Wednesday, September 15, 2010

Jamaica Kincaid - 'Poor Visitor'

There is a phrase in the story that really caught my attention. After talking about a series of situations that make this girl, the visitor, feel too much an outsider she says; "I wondered if ever in my whole life a day would go by when these people I had left behind, my own family, would not appear before me one way or another" Also, it was a surprise for her that she longed to be back in the place she had come from, and see the people she wanted to leave because even their “most natural gestures made her feel upset.”

I think the whole story is about how all those small things that make you feel that you belong somewhere can make you feel a stranger if the time and the place are not right. The familiar way in which the couple and their daughters play and laugh at the table, all the trips and activities they remember, the way gentle they treat each other, everything seems to draw the picture of the perfect family and the perfect life. That life she is now sharing is the opposite of what she wanted to escape from.
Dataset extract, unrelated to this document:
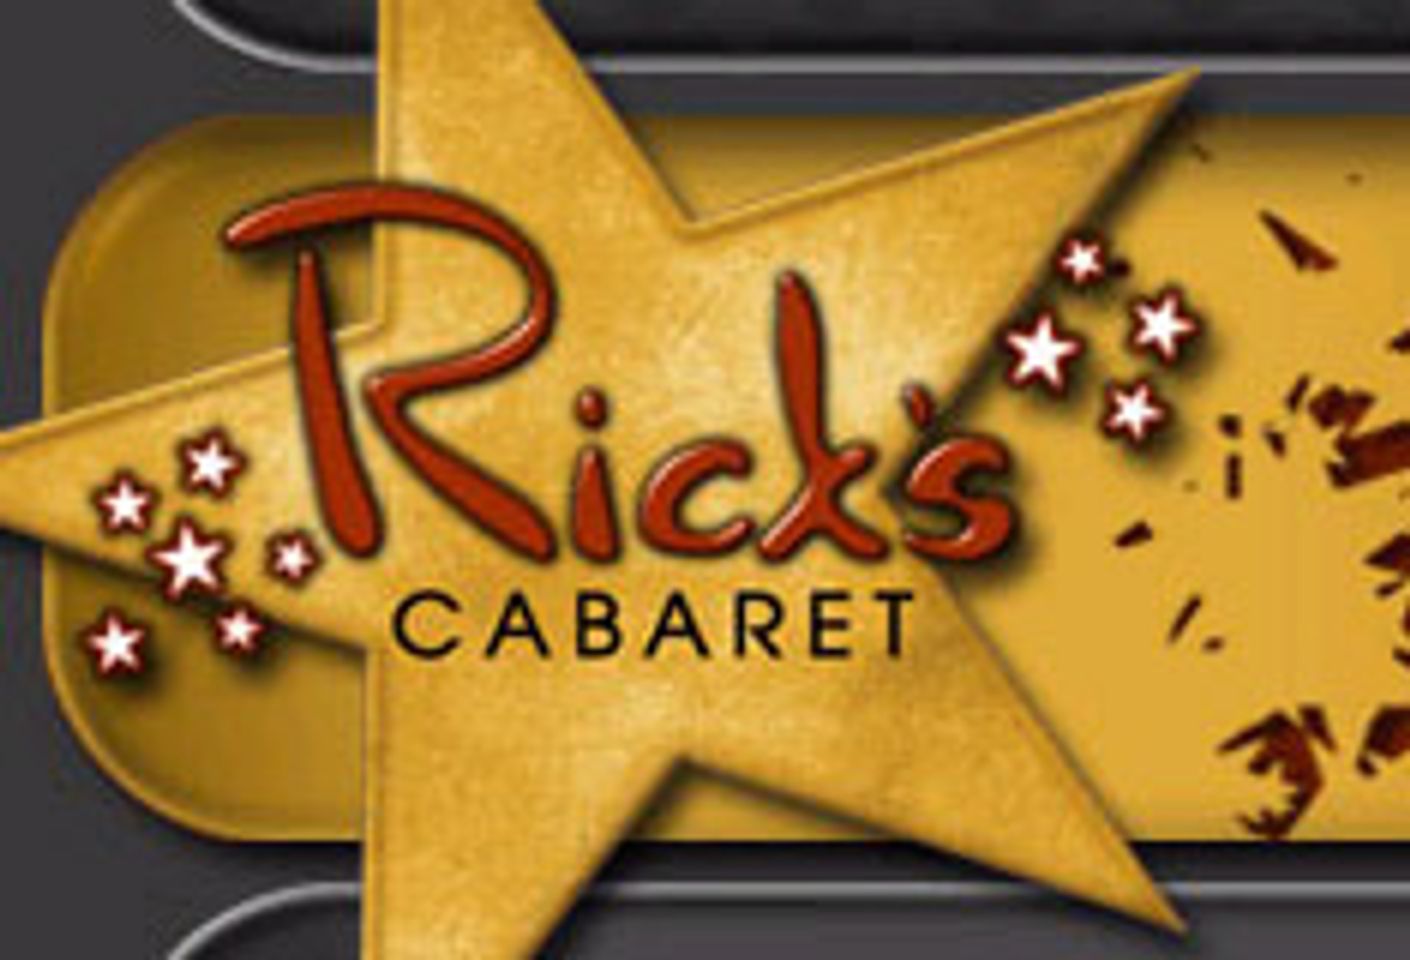 Rick&#8217;s Cabaret to Acquire Centerfolds Club

So, why does she feel all that discomfort?

After reading the story and relating everything with my own experience, I would say that the writer wanted to show how even the most ideal situation is like a pair of tight new shoes that one has to wear for a while until they take the form of your feet and the discomfort disappears. You might want to leave, go see the world, become independent… but you have to find your new niche or build your own new nest, for the perfect life that belongs to others is not necessarily the perfect life for you.

Here is the question I have for my classmates.
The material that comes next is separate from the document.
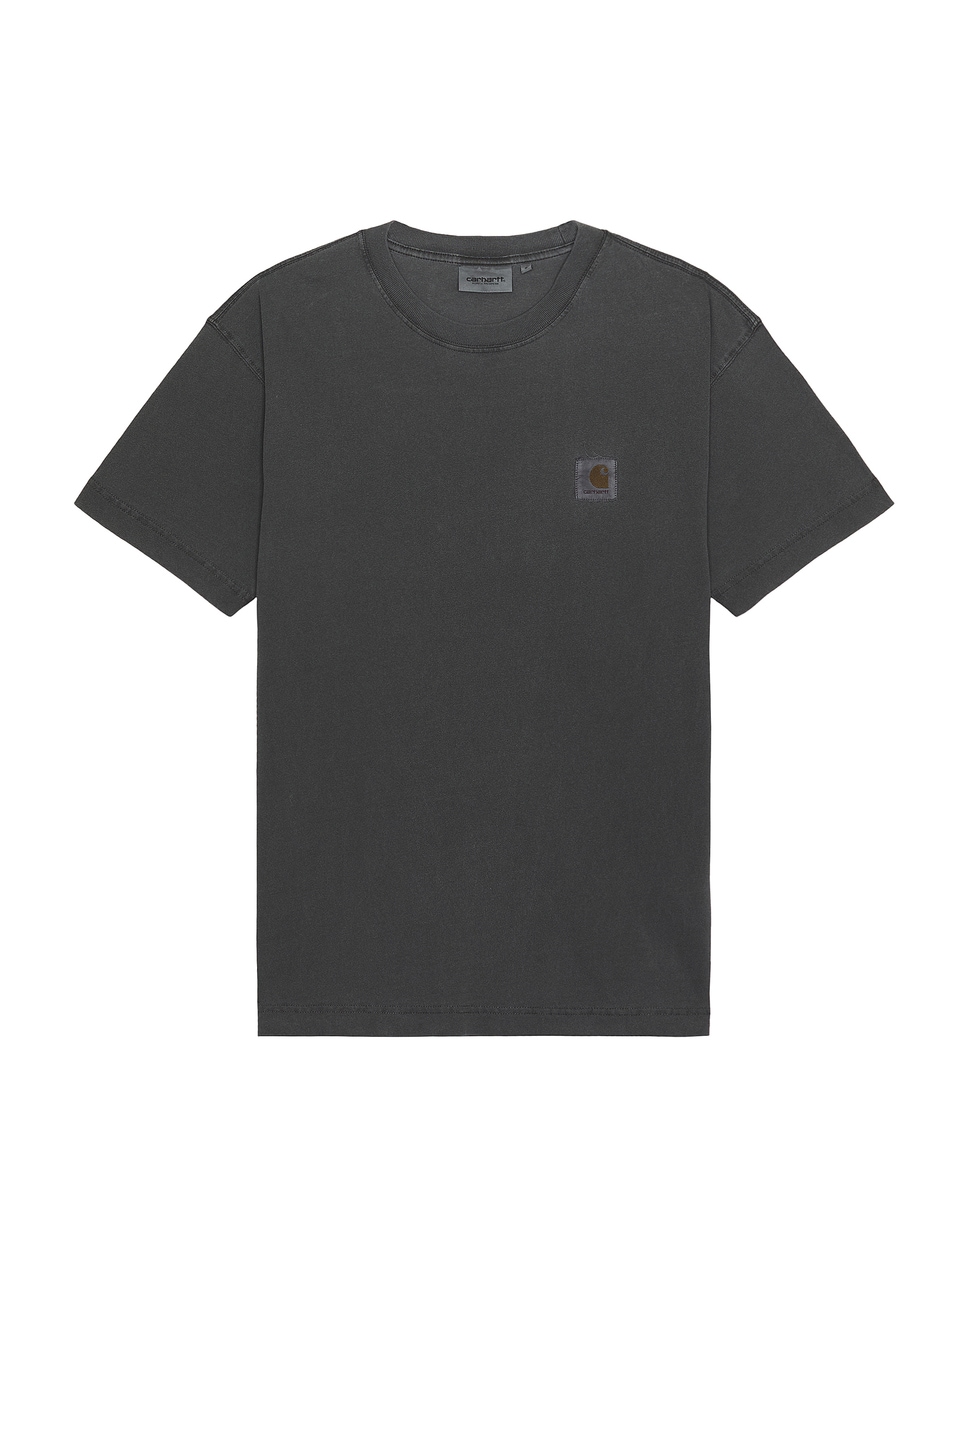 Image 1 of Carhartt WIP Short Sleeve Nelson T-shirt in Charcoal Garment Dyed

There is something the author says in the interview. She was talking about her first writings and how she got the opportunity to publish them and she says: “It didn’t seem to be my writing. But he published it just as I gave it to him and that’s when I realized that the way I said things or the way I thought about things was the way I would write… -my authority and my sense of self possession were a profound part of my expression and worthy of consideration.”

So, what are the parts of your expression you consider the most important when you write?

1 comment:

  1. I can truly say that I appreciate the author’s writing. She writes in a way that takes me though what was experiencing. I like the point where she finds the weather could deceive her, which lead to the turning point in the story. “The sun was shining but the air was cold (pg. 271)”. She was not used to weather like that. This point would have triggered her dislike for her new home. The author showed a cascade of thoughts that made her home sick after that particular incident. It’s funny how one little thing brings out deep seeded emotions.

    Kincaid captured the readers through her descriptive writing and did feel like her story was dragging on. The visitor never feels at home outside her element and it is the memories that makes her want to escape New York. She lived with her “family” not to long before they started calling her “the visitor” as if she didn’t feel like one before. Yes she was in a new environment, but she tried adapt. She tried to make friends with the maid, she didn’t truly give Kincaid a chance.

    Somehow no matter how bad it was in your previous home if you have good memories in it, you’ll always want to go back. Why is it that people mainly gravitate to what they know in fear of the new? Why call her a visitor if she was making efforts to somewhat become part of the “family”?